人は見た目で損をする




車が行き交う駅前。アヤは恋人である黒木を待っていた。
21歳のアヤと、43歳の黒木は仕事柄、逢える時間が少ない。
今日は一ヶ月ぶりのデートである。

「……遅い」

時計を見るアヤ。時刻は9時半。待ち合わせを30分も過ぎてしまった。
まあ、いつものことだと思いつつ、アヤはため息を吐く。
43歳という年齢を感じさせないほど鍛え上げられた肉体を持つ黒木。
元ボクサーということもあり、常人とは思えない雰囲気を持っている。
さすがVシネマ俳優というべきか、危ない職業の人と思われてしまうことが多いのだ。
今日も、喧嘩を売られたか、警察に職質されているのだろう。

「もう、帰っちゃおうかな……」
「お前は恋人一人、待つことができねェのか?」
「ひィ!!」

背後から逞しい腕に抱きしめられ、アヤは悲鳴に近い声を上げてしまった。
力強く抱きしめられていたので、首だけで後ろを向くと革製の上下に身を包んだ黒木が立っていた。
黒のワイシャツの下に覗く金のネックレスが車の明かりを反射して輝く。
フェミニン系でまとめてあるアヤと並ぶと、なんて不思議な光景か。
周囲からの視線を感じたアヤは身を捩って黒木の腕から抜け出す。
そして黒木の正面を向いた。

「恋人に抱きしめられて悲鳴をあげるってどういうことだよ」

背後にある壁にアヤを押し付け、不敵に笑う黒木。
普通に笑っているはずなのに悪巧みを考えるように見えてしまうとは、なんと損なことだろう。
アヤは黒木の恐ろしい顔を見慣れているため、いつもどおりに返事をした。

「だって遅すぎるんだもん。 どうせ喧嘩か職質でしょ?」
「違う、酔っ払いに絡まれてた女を助けてたんだよ。
 って、お前……俺のこと、どう見てんだ?」

正義感が人一倍強い黒木。
しかし、外見が外見だけに良いことをしても損することが多い。
アヤにとっては、そんなところが黒木を好きになった理由なのだが。

「ん〜……舎弟を侍らせて、組を持っていそうな人?」
「もろ極道じゃねェか!!」

強い口調ながらも、年下の恋人とじゃれるように黒木はアヤの頭を抱きしめる。
そのとき――

「君。 ちょっといいかい?」

黒木の肩を叩く警官。
二人を囲むように、5人の警官がそこにいた。

「聞きたいことがあるから、そこまで同行を願いたい」
「はぁ……」

突然のことで黒木は素直にうなずく。
すると、アヤの腕を一人の警官が引っ張った。
警官は小さな声で言う。

「早く逃げなさい」
「え?」
「夜は危ないんだ。 この男は私達が抑えておく」


どうやらアヤは極道にナンパされて困っているように見えたらしい。
周囲の人々も心配そうにこちらを見ている。
黒木もそのことに気がついたのか、アヤに向かって声をかけた。

「アヤ、俺達は恋人同士だと言ってやれ!」
「はいはい。 女性を脅そうとしてもダメだよ」
「あ〜や〜……」

大柄な黒木を、警官たちは3人がかりで引っ張って行く。
取り残されたアヤは唖然としたまま見送ることしか出来なかった。
そのとき、携帯が鳴っていることに気がつく。
見れば黒木の高校の先輩であり、仕事の先輩である橘からのメールだった。

『黒木の携帯が繋がらないんだが、お前と一緒か?』

少し考えたアヤは、橘にメールを送り返す。

『一緒でしたが、黒木さんは今警察に連れていかれました。
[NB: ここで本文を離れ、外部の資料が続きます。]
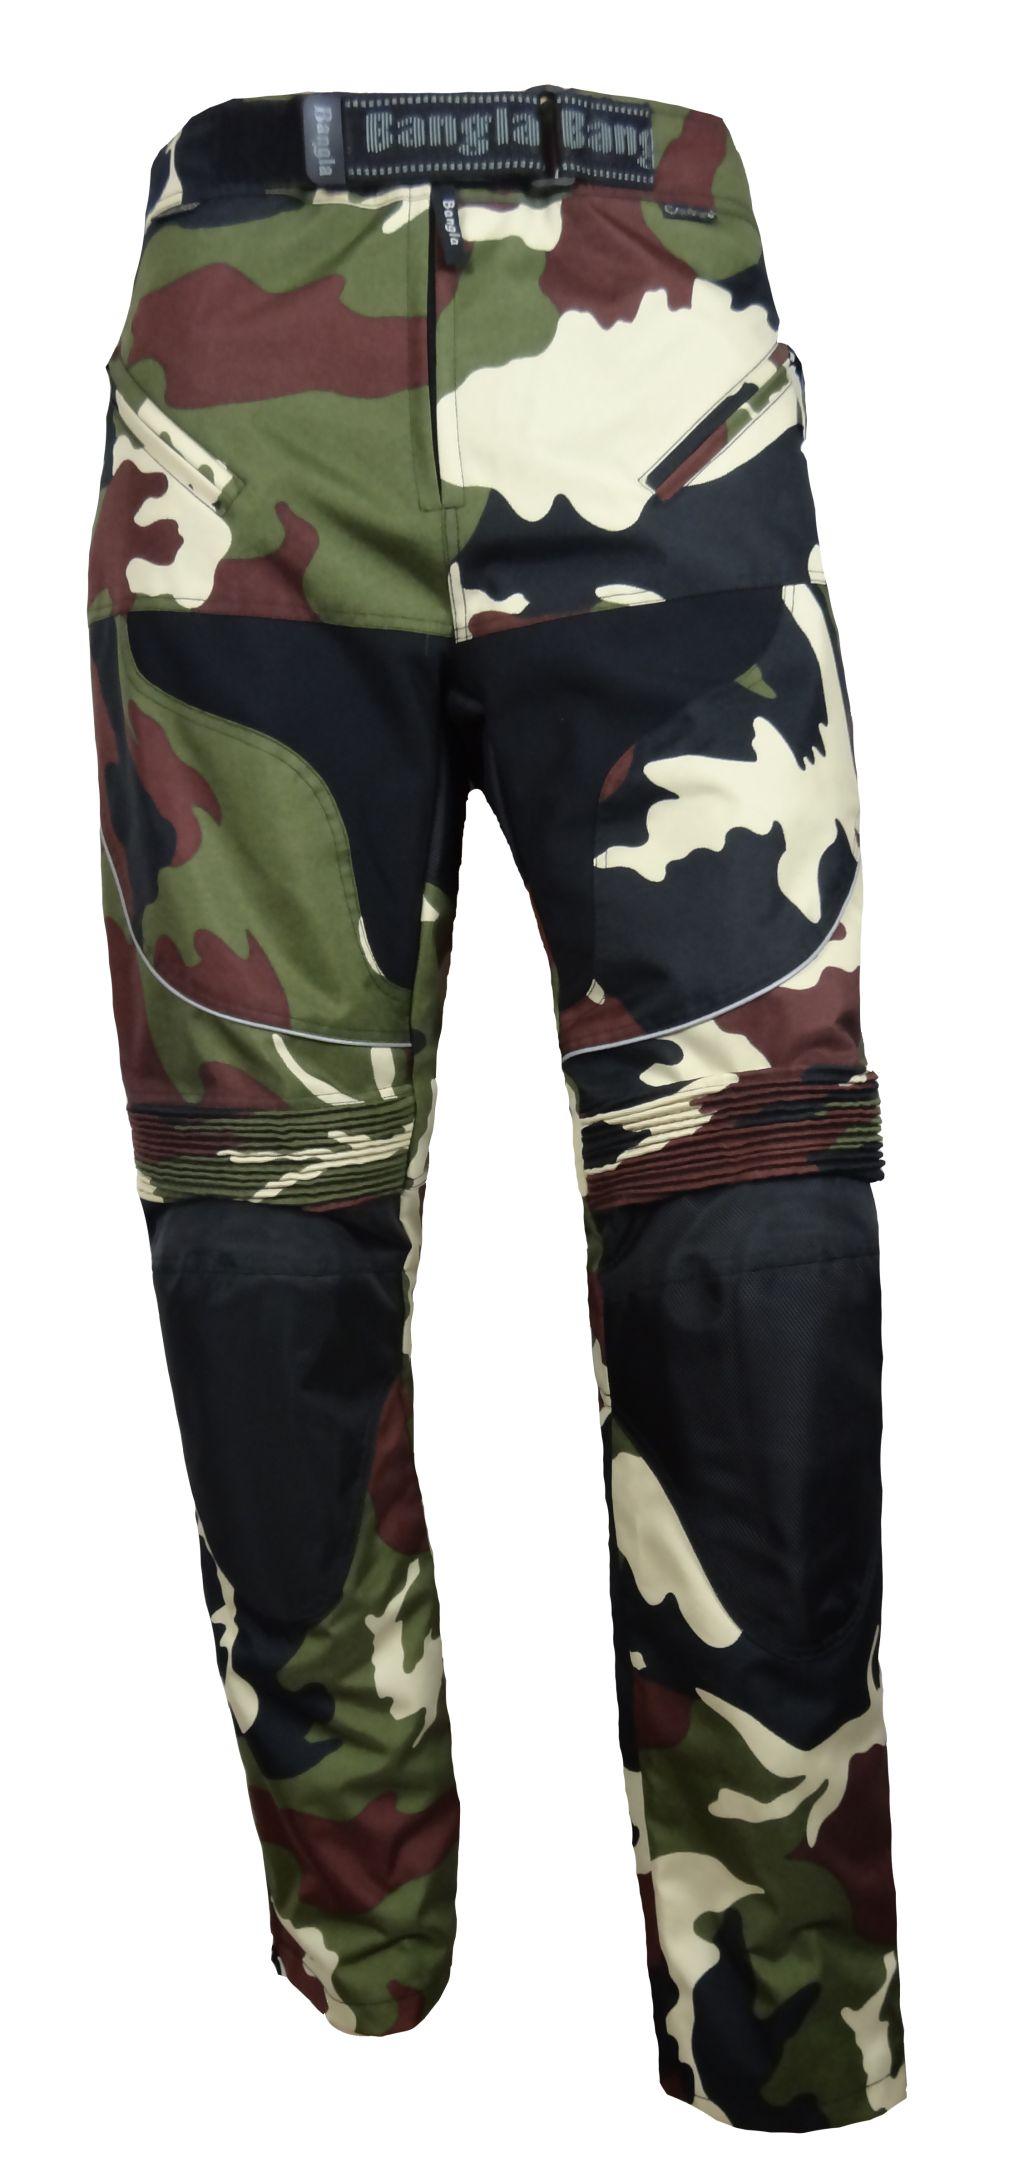 Motorradhose Herren Tourenhose Bangla Camouflage Gruen S bis 4 XL
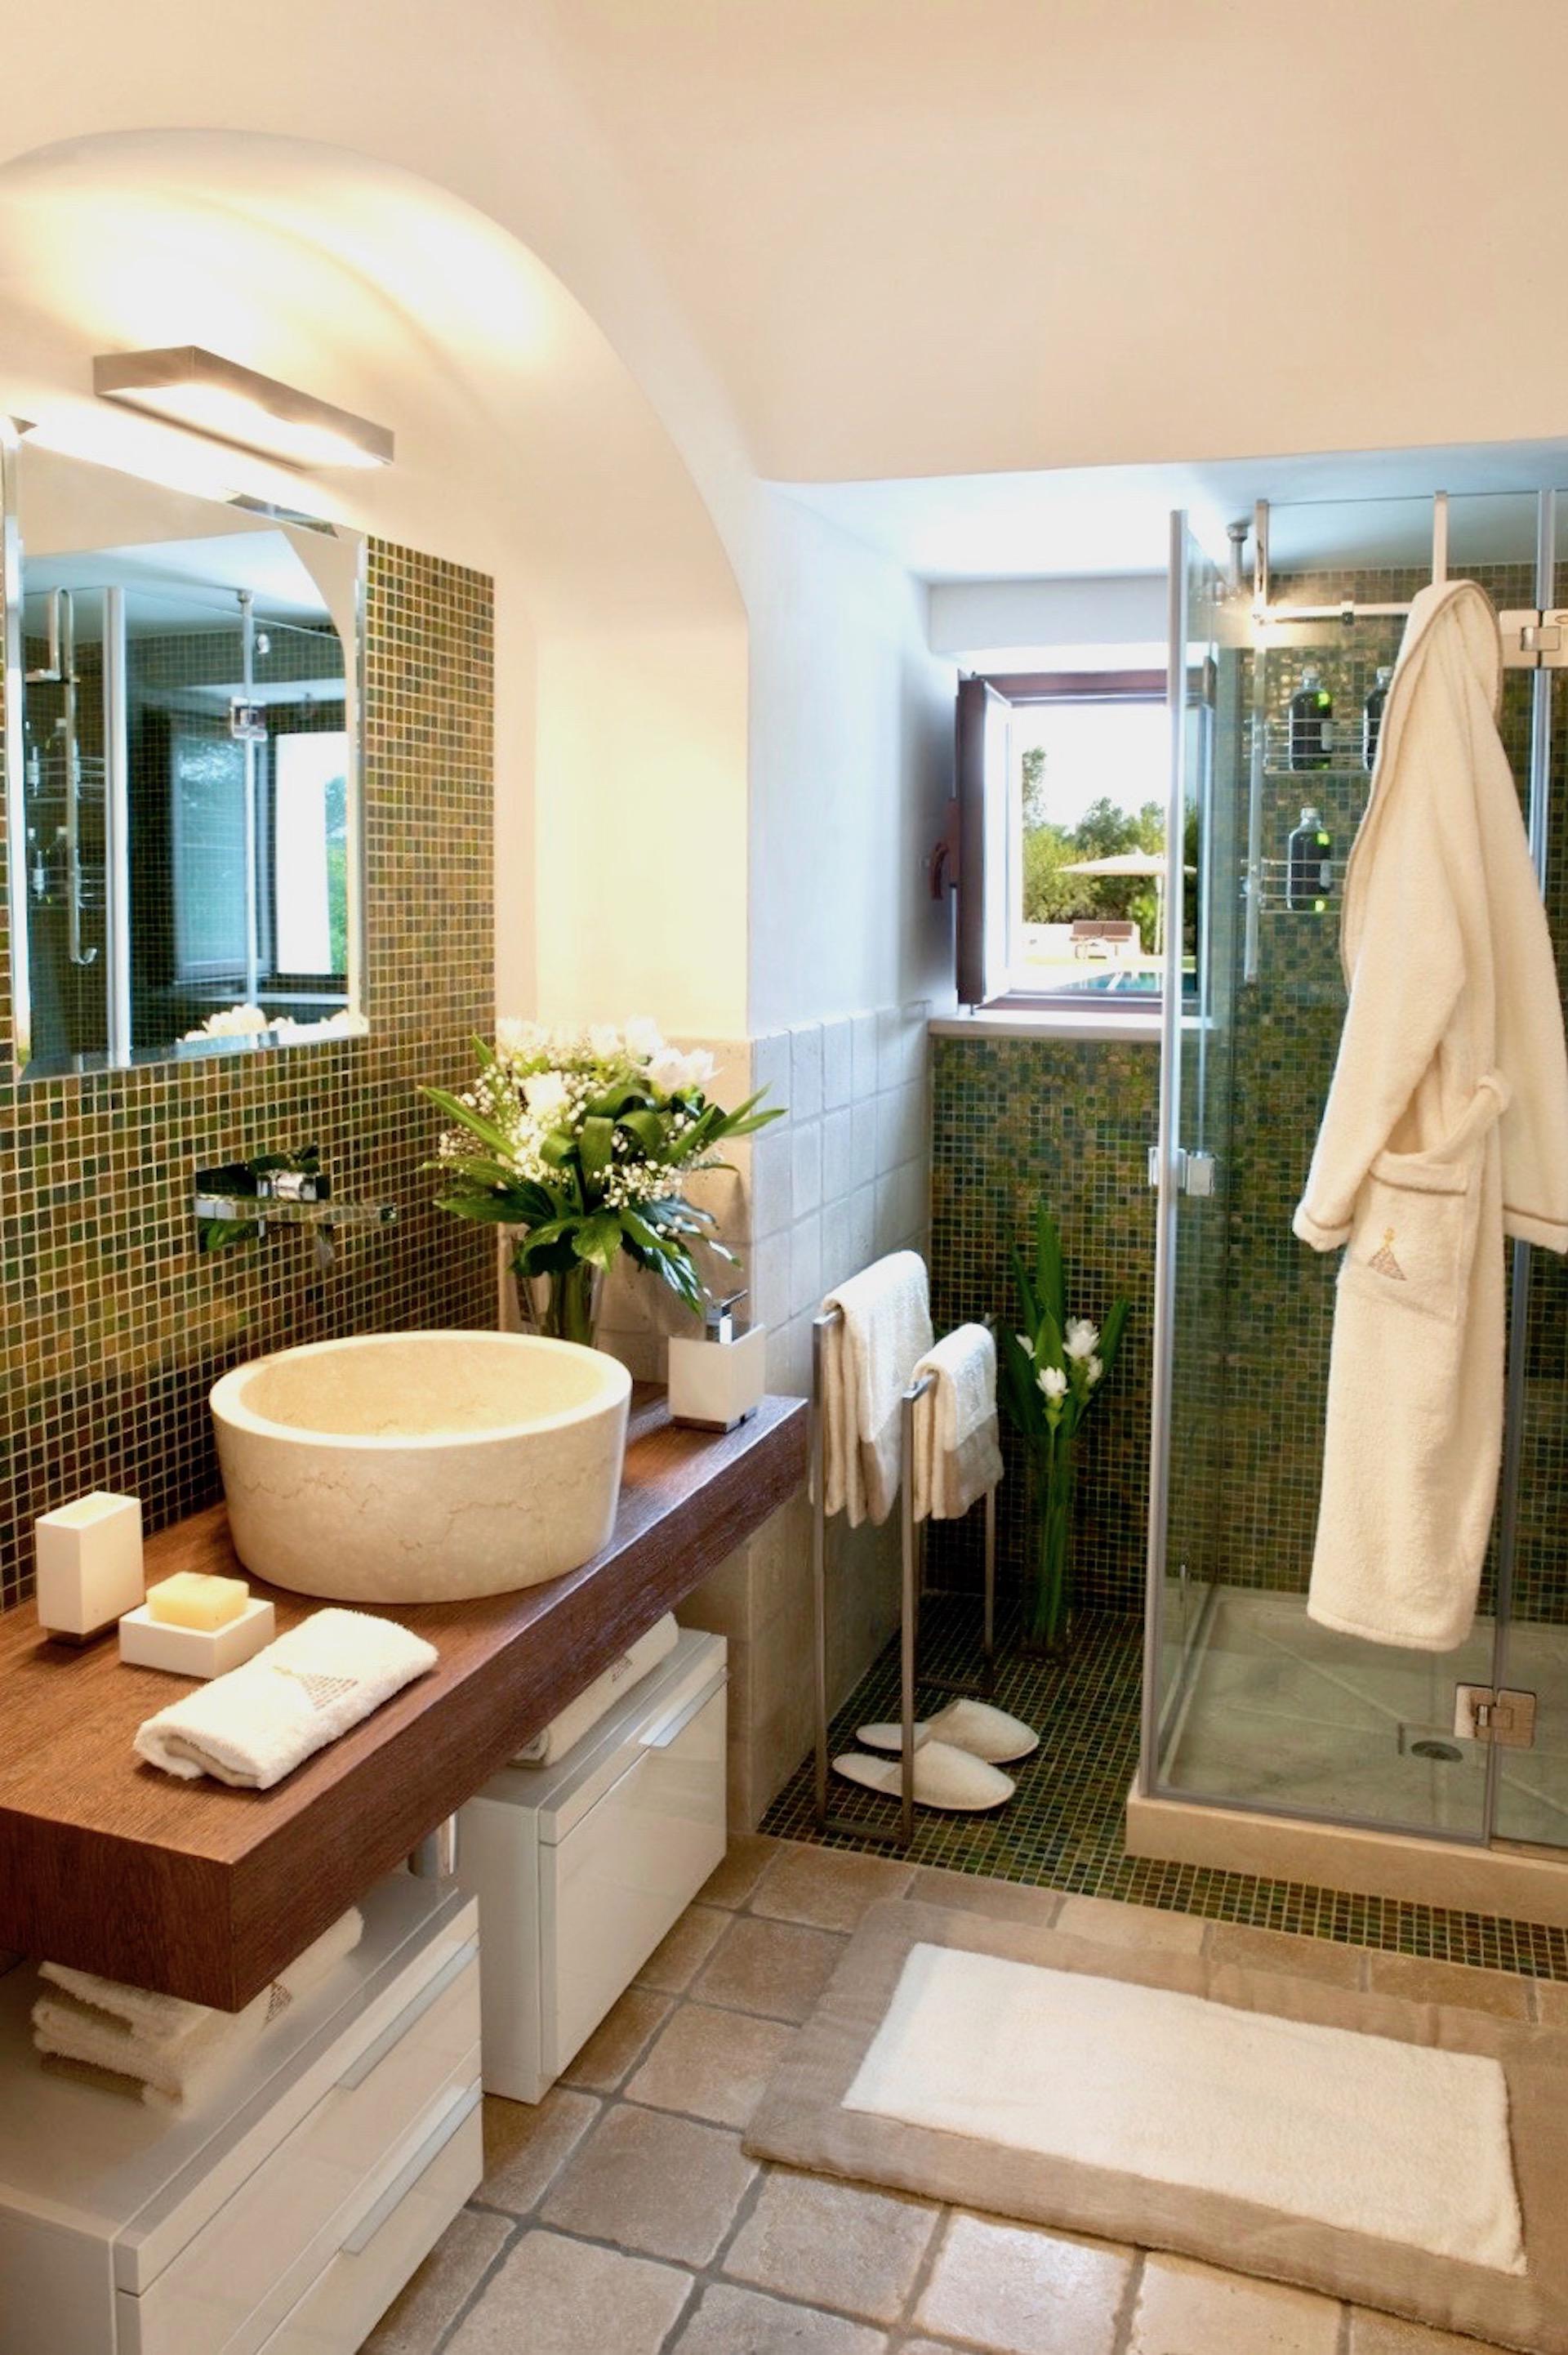 Bathroom F3I6222 Copia 2

一緒に警察に迎えに行ってくれませんか?』

メールを送ってすぐに橘はアヤのところに来た。
そして警察に一緒に迎えにいったのは良かったが、やはり橘もVシネマ俳優。
その極悪人面で、よけいに事態を悪化させる結果となる。


「で、君はどこの組なんだ?」
「だから違うっていったんだろ!!」
「少し前に、君に特徴が似ている男が酔っ払いを殴ったとの通報があったのだが……」
「それは俺かもしれねェが……」
「ふむ。詳しく聞かせてもらおう」
「アヤっ! 早く来てくれ!!」


数分後に起こる混乱を知らぬまま、黒木は警察で取り調べを受けていた。



― 終わっとけ ―











あとがき
橘さんは、高校のときにやった演劇で黒木のことを「若」と呼んでから、今でも「若」と呼ぶ癖があります。